Xu and her colleagues also took account of other factors that could affect whether or not the participants were affected by CVD, such as body mass index, alcohol consumption, smoking, mental disorders and other pre-existing health conditions, shift working and occupation.

Nine per cent of participants reported being bullied at work and 13% reported experiencing violence or threats of violence at work in the past year. After adjusting for age, sex, country of birth, marital status and level of education, the researchers found that those who were bullied or experienced violence (or threats of violence) at work had a 59% and 25% higher risk of CVD respectively compared to people who were not exposed to bullying or violence.

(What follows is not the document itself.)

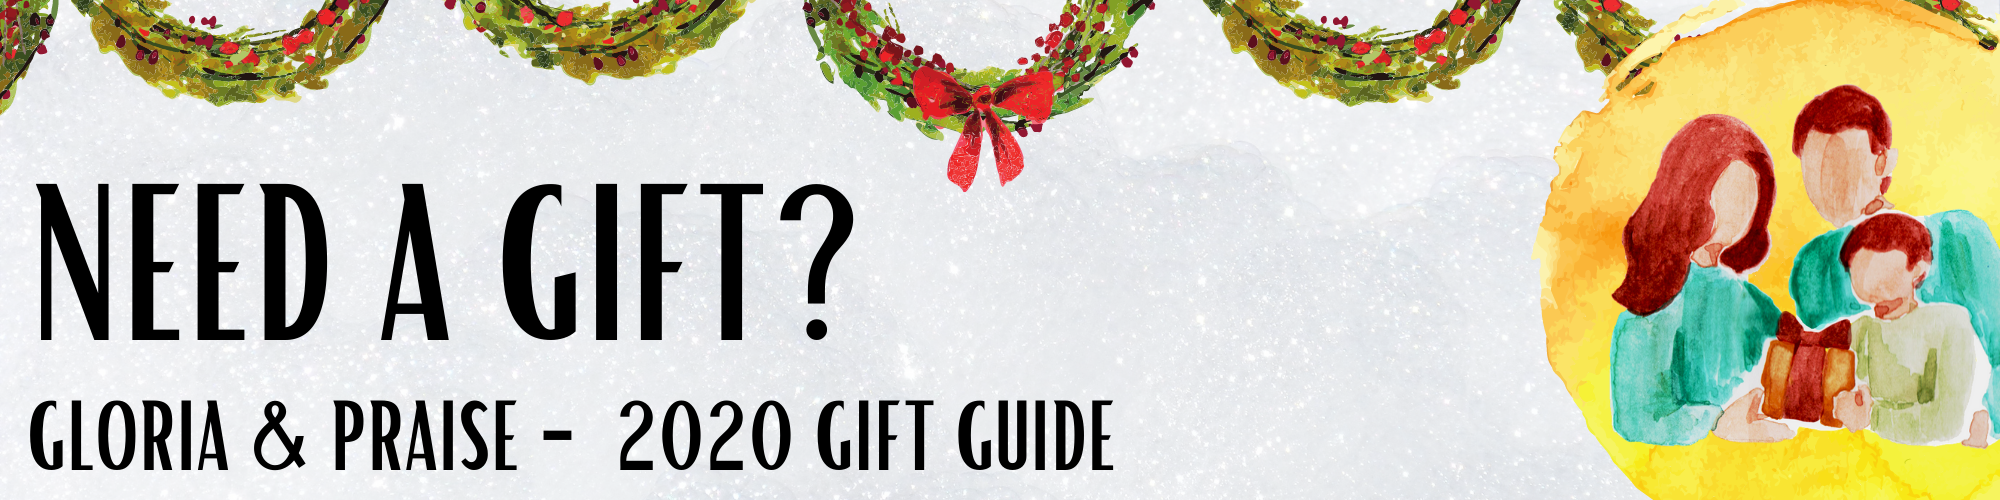 Christmas Gift Guide - Gloria & Praise

The more bullying or violence that was encountered, the greater the risk of CVD. Compared with people who did not suffer bullying, people who reported being bullied frequently (the equivalent to being bullied almost every day) in the past 12 months had 120% higher risk of CVD, while those who were exposed most frequently to workplace violence had a 36% higher risk of cerebrovascular disease (such as stroke) than those not exposed to violence, but there did not appear to be a corresponding increase in heart disease.

Xu said: “Workplace bullying and workplace violence are distinct social stressors at work. Only 10-14% of those exposed to at least one type of exposure were suffering from the other at the same time. These stressful events are related to a higher risk of cardiovascular disease in a dose-response manner – in other words, the greater the exposure to the bullying or violence, the greater the risk of cardiovascular disease.